PdfReader

PdfReader parses existing PDF files into the phpdftk object model. It handles classic xref tables, cross-reference streams, object streams, incremental updates, and encrypted PDFs.

Opening a PDF

use Phpdftk\Pdf\Reader\PdfReader;

// From file
$pdf = PdfReader::fromFile('document.pdf');

// From string (e.g., HTTP response body)
$pdf = PdfReader::fromString($bytes);

// From stream resource
$pdf = PdfReader::fromStream(fopen('php://stdin', 'rb'));

// Encrypted PDF
$pdf = PdfReader::fromFile('secured.pdf', password: 'secret');

// Public-key encrypted PDF
$pdf = PdfReader::fromFilePublicKey('secured.pdf', $certPem, $keyPem);

Document info

echo $pdf->getVersion();    // "1.7"
echo $pdf->getPageCount();  // 42

// Linearization detection
if ($pdf->isLinearized()) {
    $params = $pdf->getLinearizationParameters();
    echo "Web-optimized, {$params['pageCount']} pages";
}

Accessing pages

// All pages as raw dictionaries
$pages = $pdf->getPages();

// Single page by 0-based index
$page = $pdf->getPage(0);

// Typed Page objects (hydrated into Core\Document\Page)
$typedPages = $pdf->getTypedPages();
$typedPage = $pdf->getTypedPage(0);

Catalog and trailer

$catalog = $pdf->getCatalog();      // raw PdfDictionary
$typed = $pdf->getTypedCatalog();   // hydrated Core\Document\Catalog
$trailer = $pdf->getTrailer();
$info = $pdf->getInfo();

Resolving objects

// By object number
$obj = $pdf->getObject(42);

// By reference
$target = $pdf->resolveReference($ref);

// Typed hydration of any object
$typed = $pdf->getTypedObject(42);

Text extraction

// Single page (0-based index)
$text = $pdf->extractText(0);

// All pages concatenated
$allText = $pdf->extractAllText("\n\n");

The example below reads the page-labels showcase PDF and writes both the joined and per-page transcriptions to disk.

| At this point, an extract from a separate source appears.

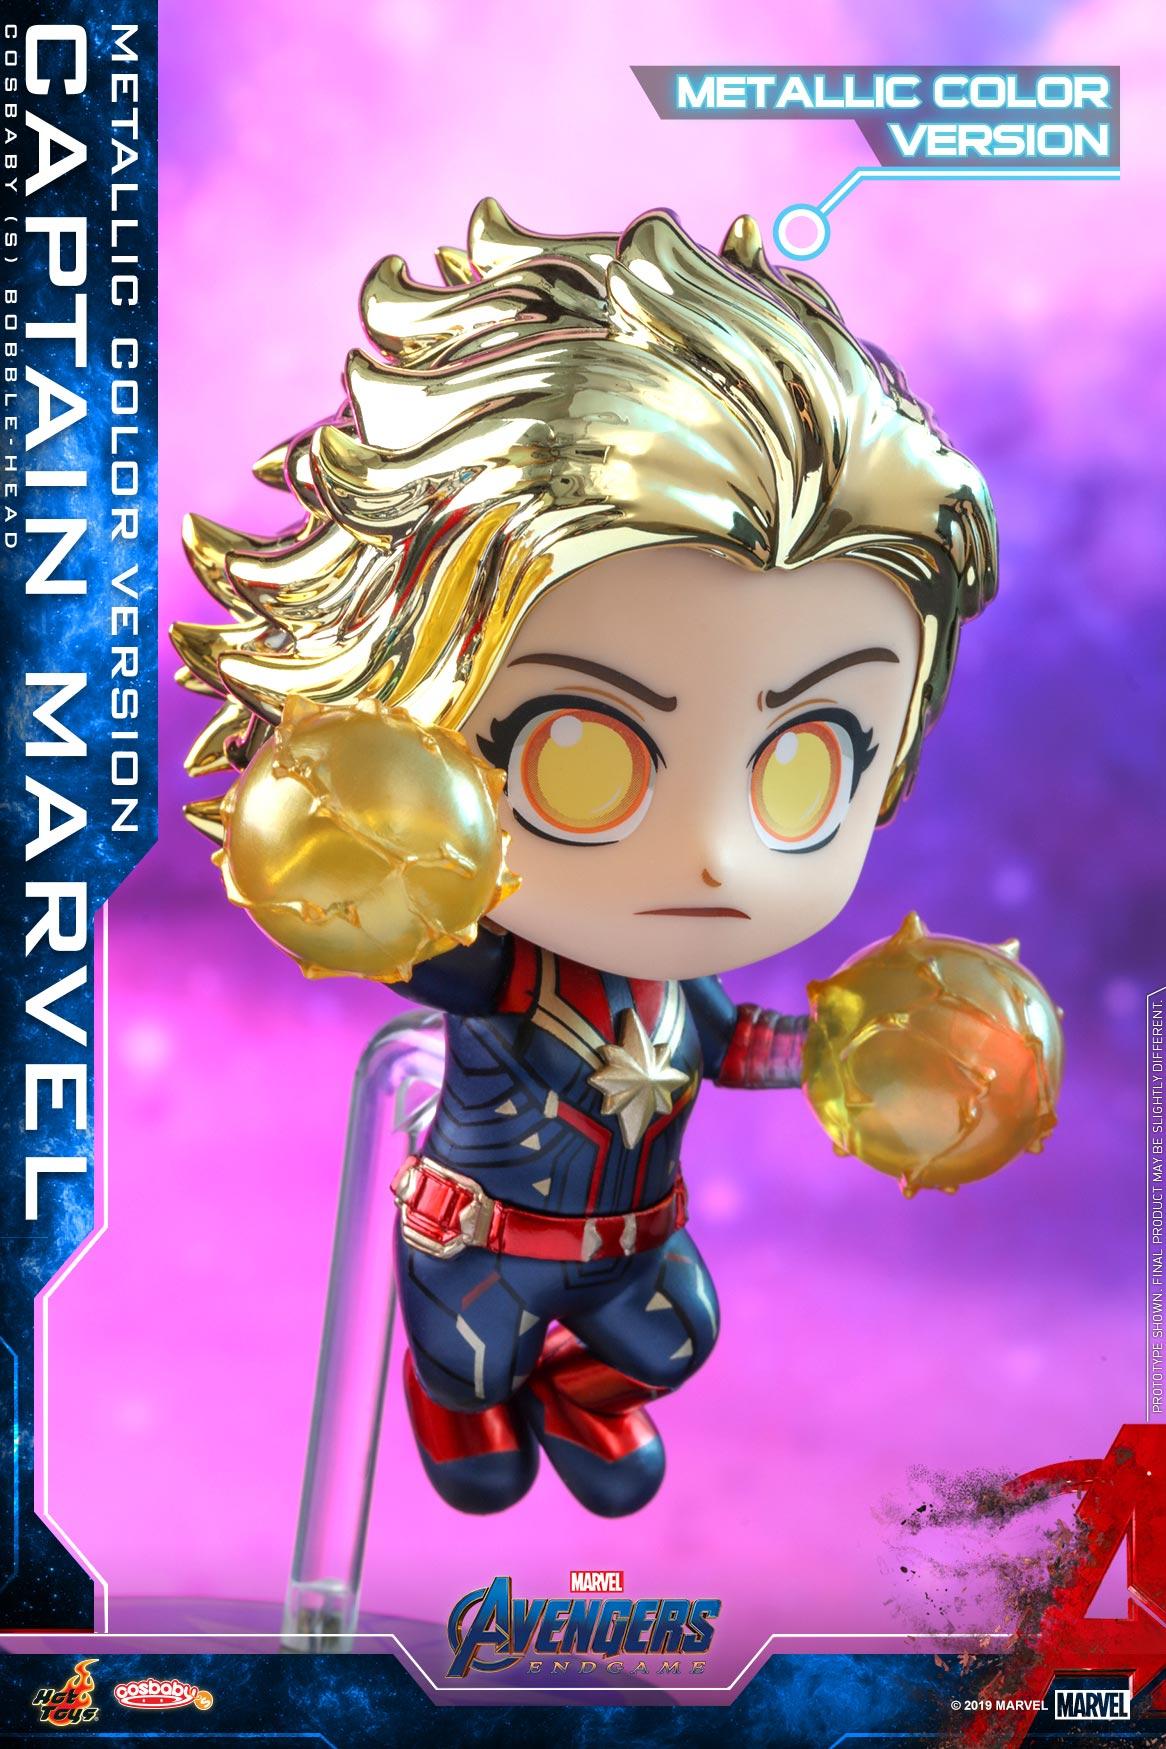 Hot-Toys---A4---Captain-Marvel-(Metallic-Color-Version)-Cosbaby-(S)_PR2
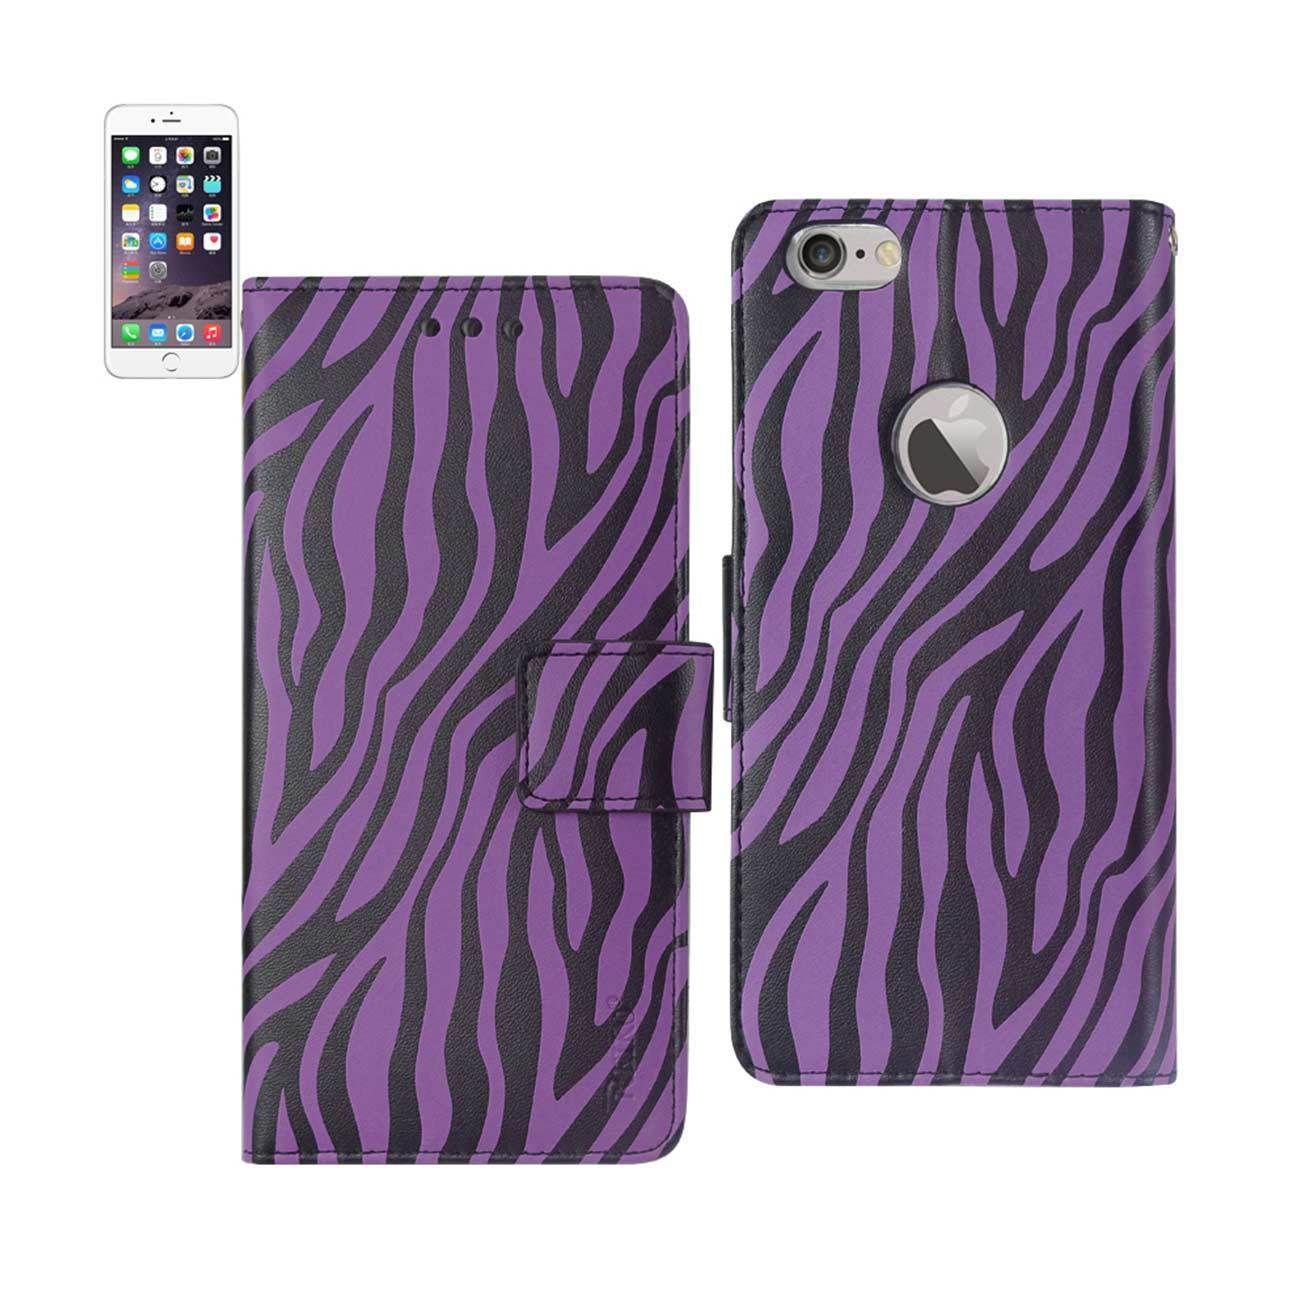 New Animal Zebra Print Wallet Case In Purple For iPhone 6 Plus 3-In-1

use Phpdftk\Pdf\Reader\PdfReader;

// Reuse the page-labels showcase PDF as a realistic input — it has front matter,
// chapters, and an appendix with distinctly labelled pages.
$inputPdf = example_output_path('writer/page-labels.pdf');
$reader = PdfReader::fromFile($inputPdf);

// extractAllText() concatenates every page's text with a separator.
// extractText($i) returns one page at a time when you only need a slice.
$allText = $reader->extractAllText("\n\n--- page break ---\n\n");

// Persist both the per-page and full-document forms so the docs page can show both.
file_put_contents(example_output_path('reader/text-output.txt'), $allText);

$perPage = [];
for ($i = 0, $n = $reader->getPageCount(); $i < $n; $i++) {
    $perPage[] = sprintf("=== page %d ===\n%s", $i + 1, $reader->extractText($i));
}
file_put_contents(
    example_output_path('reader/text-per-page.txt'),
    implode("\n\n", $perPage),
);

📥 Input PDF · View the full script on GitHub ↗

For per-page access, search, and a friendlier 1-based API, see Working with PDFs → Text Extractor. That page also covers how text extraction works under the hood (ToUnicode CMaps, encoding fallbacks, Form XObject recursion).

Extracting metadata

getInfo() returns the document’s /Info dictionary. The example below builds a PDF with rich metadata, reads it back, and writes a JSON summary.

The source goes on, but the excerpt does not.